EXERCISE DIRECTIONS: Reproduce, exactly and in full, the lines from the one with "Meri Meri: balony" through the one with "AST-3F-038 Aluminum Tubing, 6061" in the data below; drop pictures.

MATERIAL PROVIDED:
[Start of Attachment]

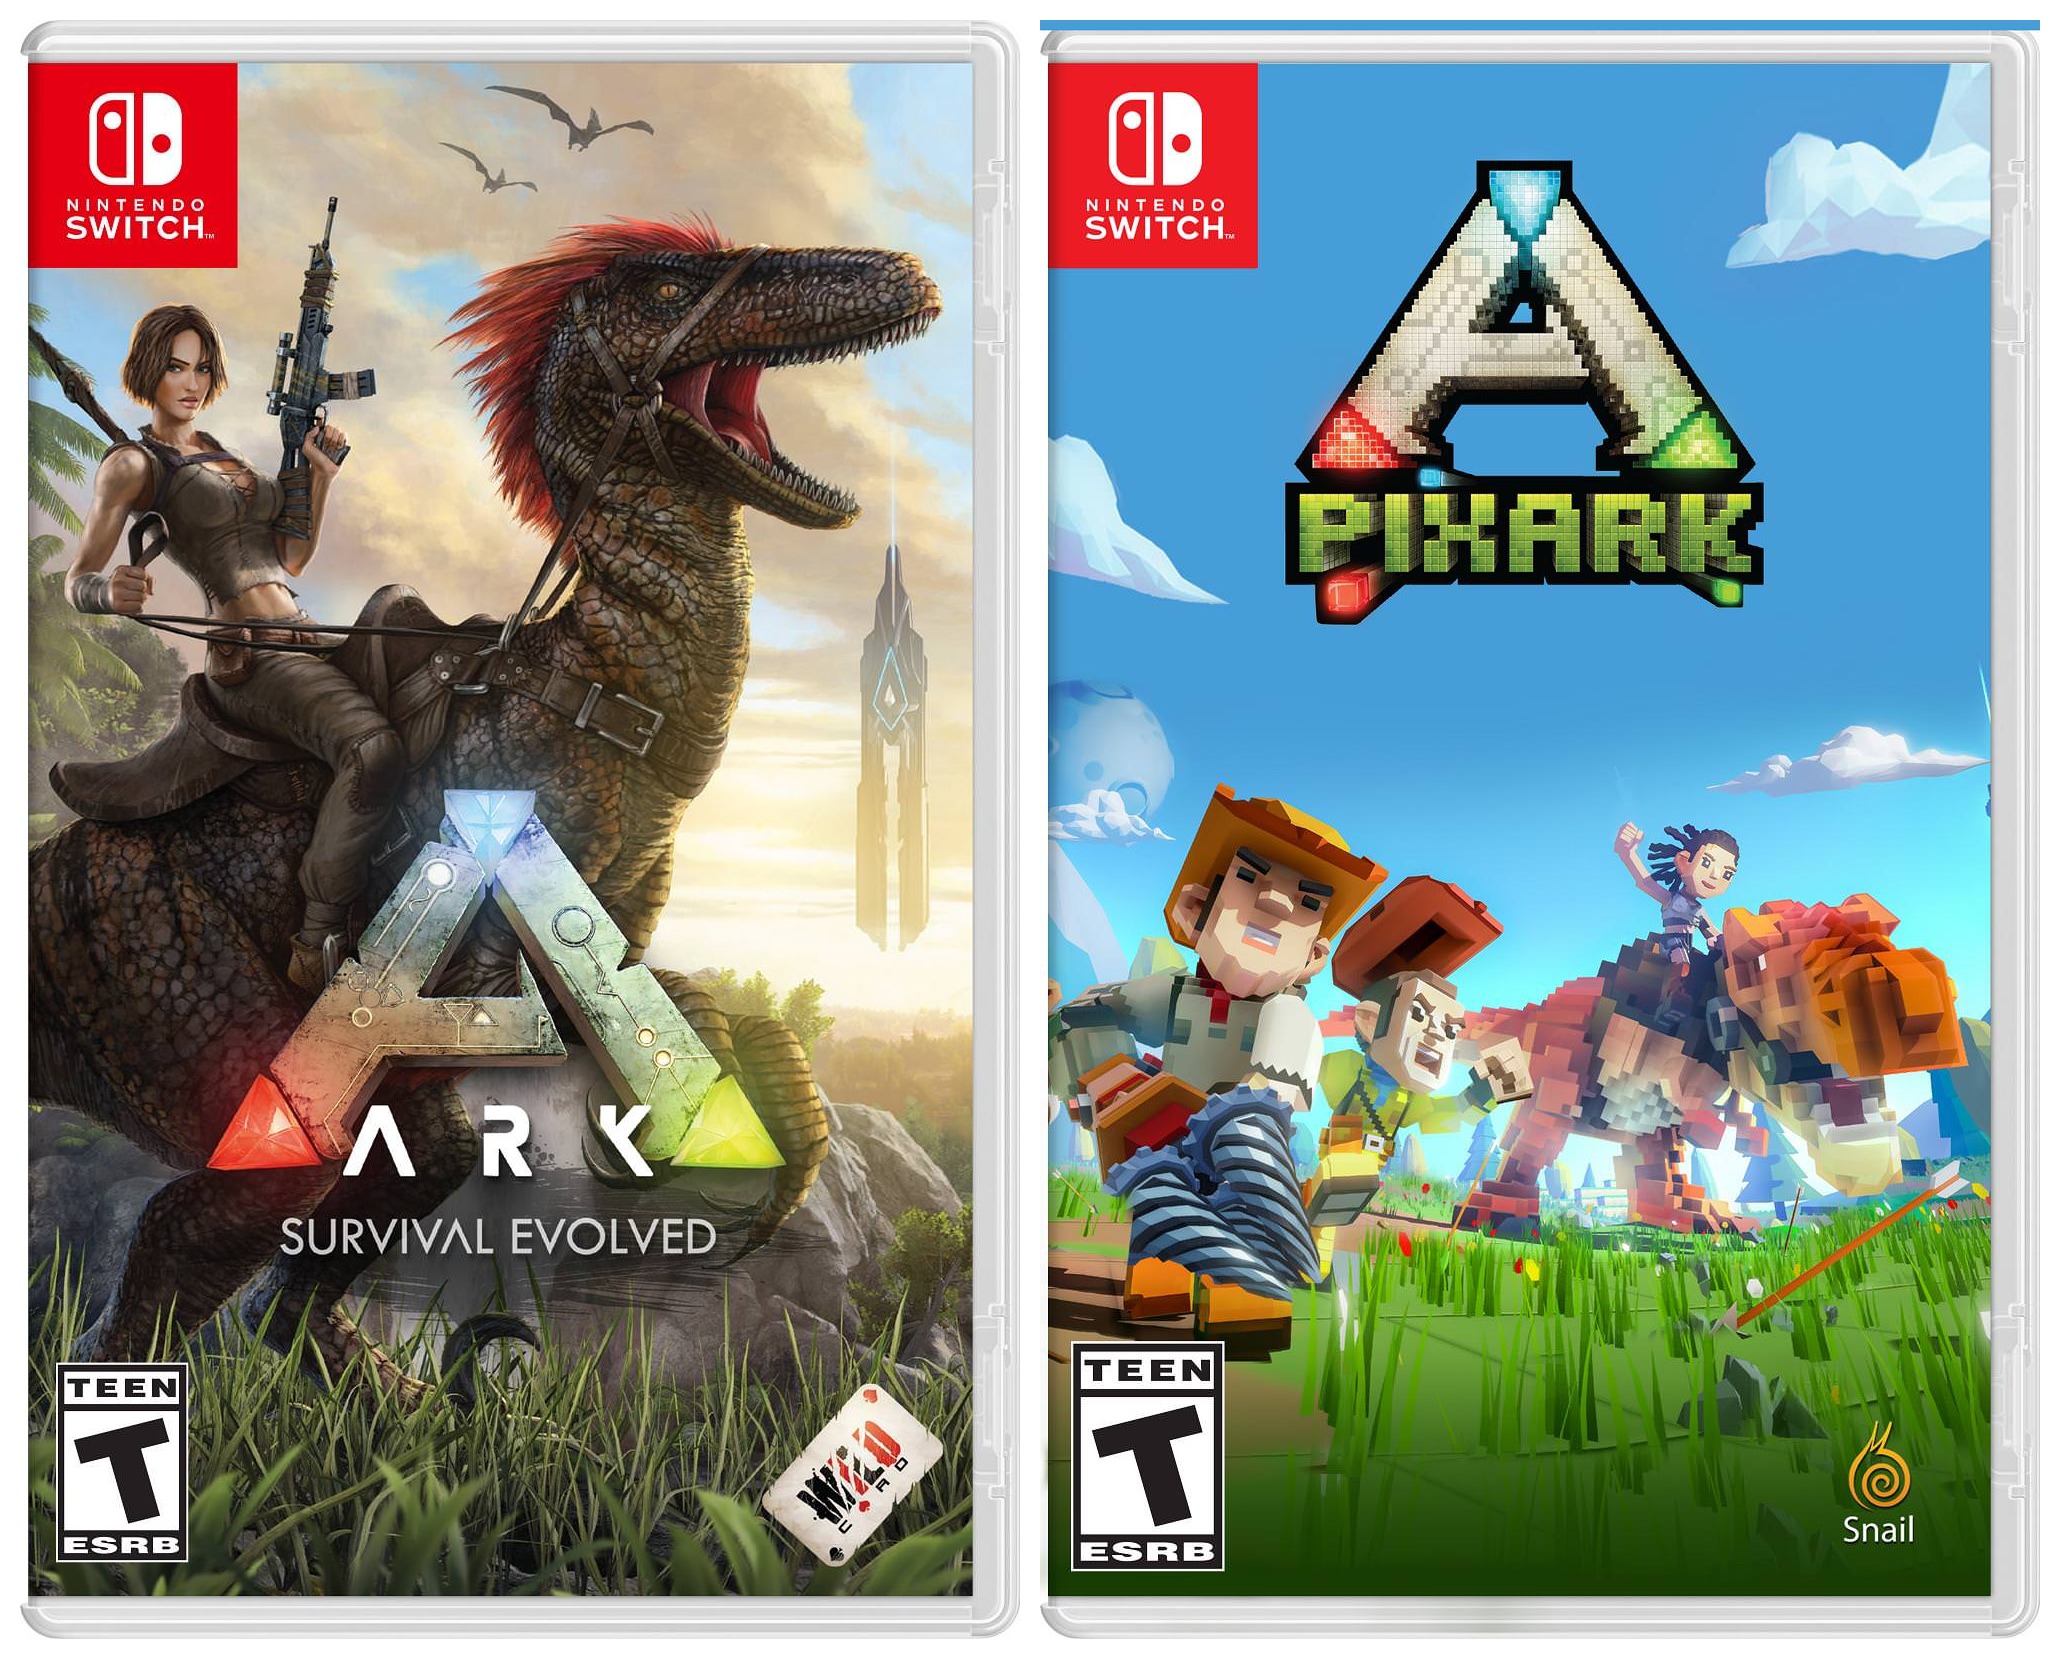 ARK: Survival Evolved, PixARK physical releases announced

[End of Attachment]
[Start of Attachment]

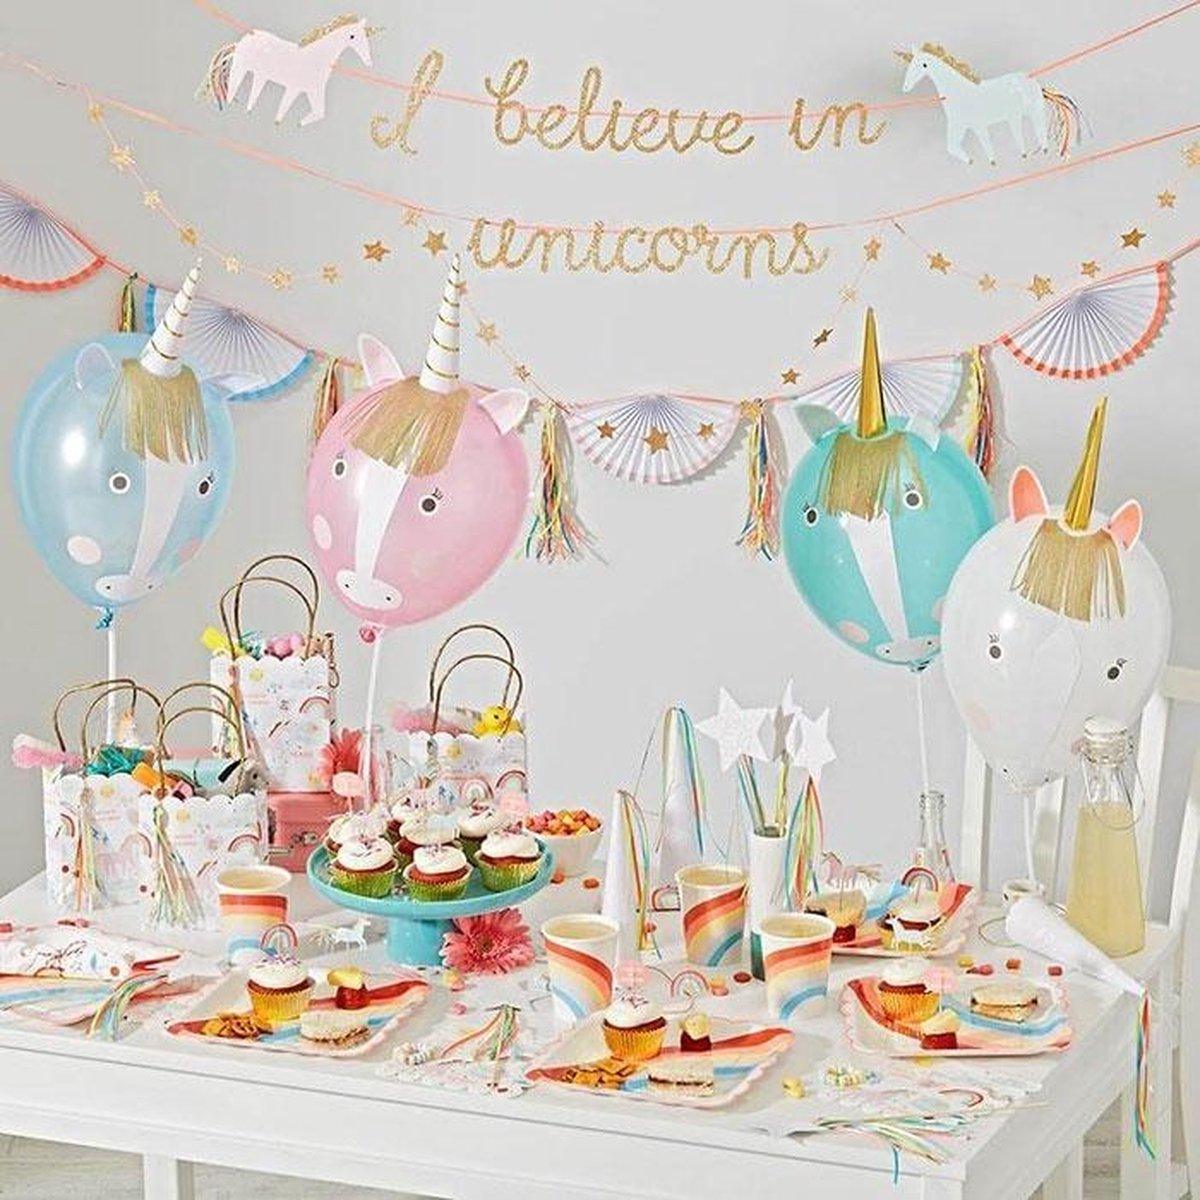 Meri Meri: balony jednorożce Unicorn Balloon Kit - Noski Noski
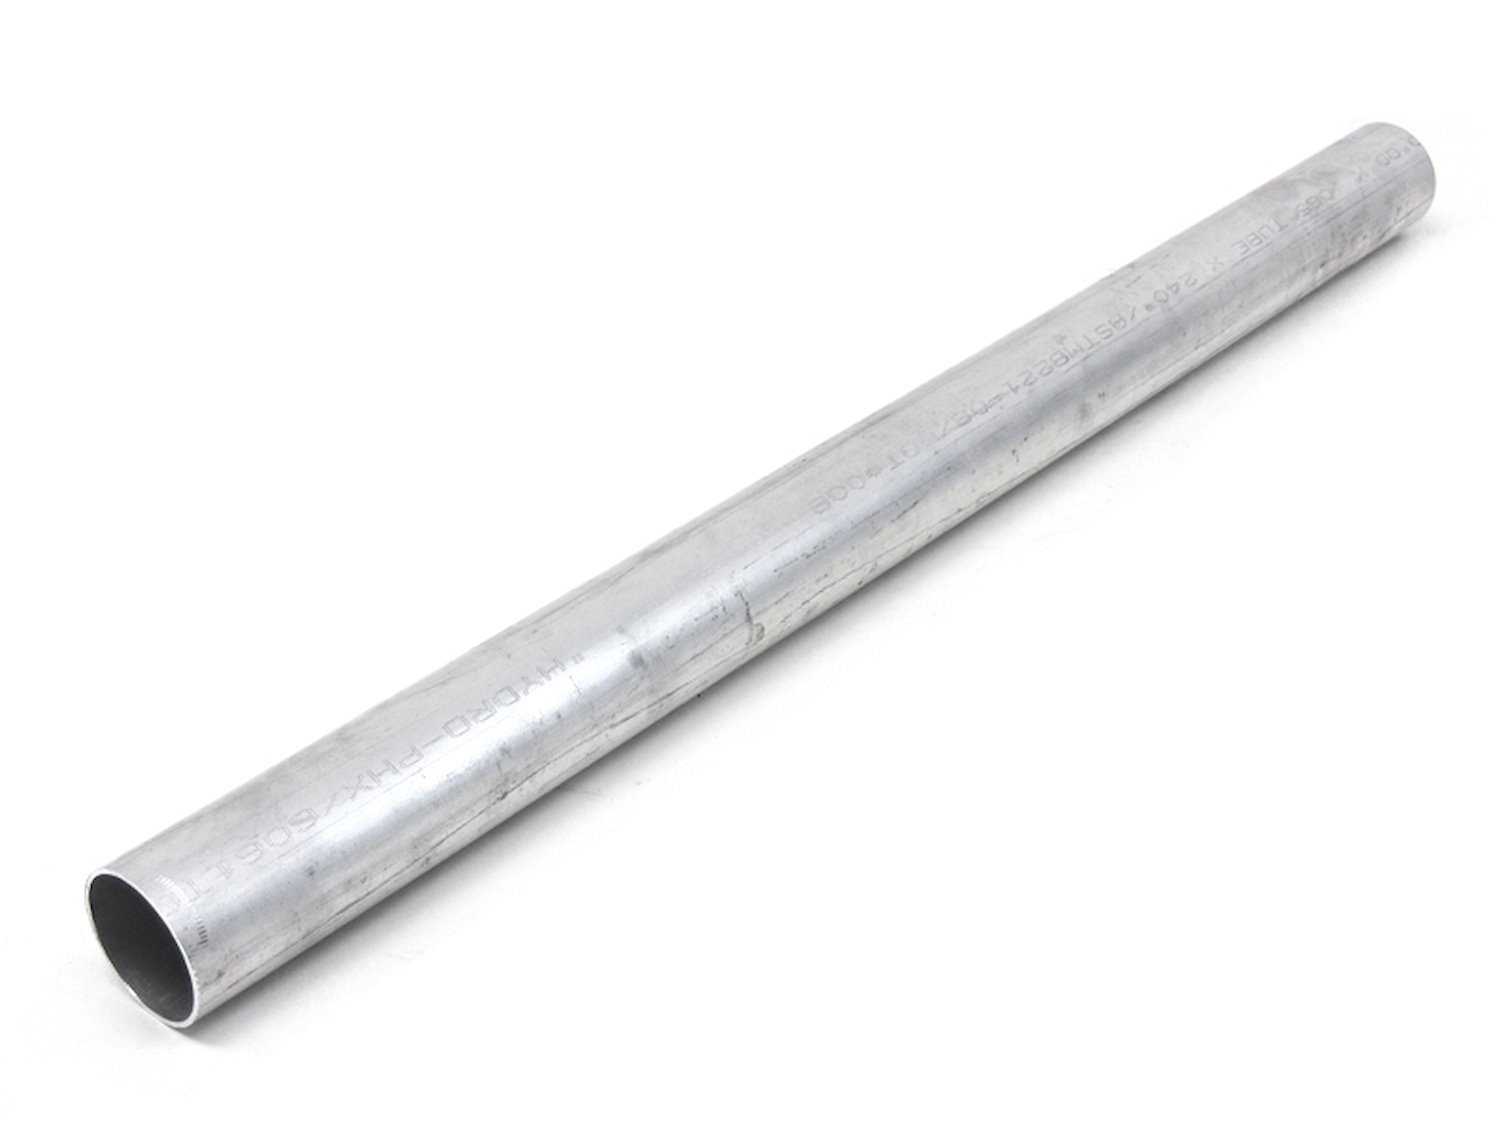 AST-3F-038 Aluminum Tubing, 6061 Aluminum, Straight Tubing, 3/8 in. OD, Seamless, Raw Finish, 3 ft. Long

[End of Attachment]

ANSWER TO THIS TASK:
 Meri Meri: balony jednorożce Unicorn Balloon Kit - Noski Noski
 AST-3F-038 Aluminum Tubing, 6061 Aluminum, Straight Tubing, 3/8 in. OD, Seamless, Raw Finish, 3 ft. Long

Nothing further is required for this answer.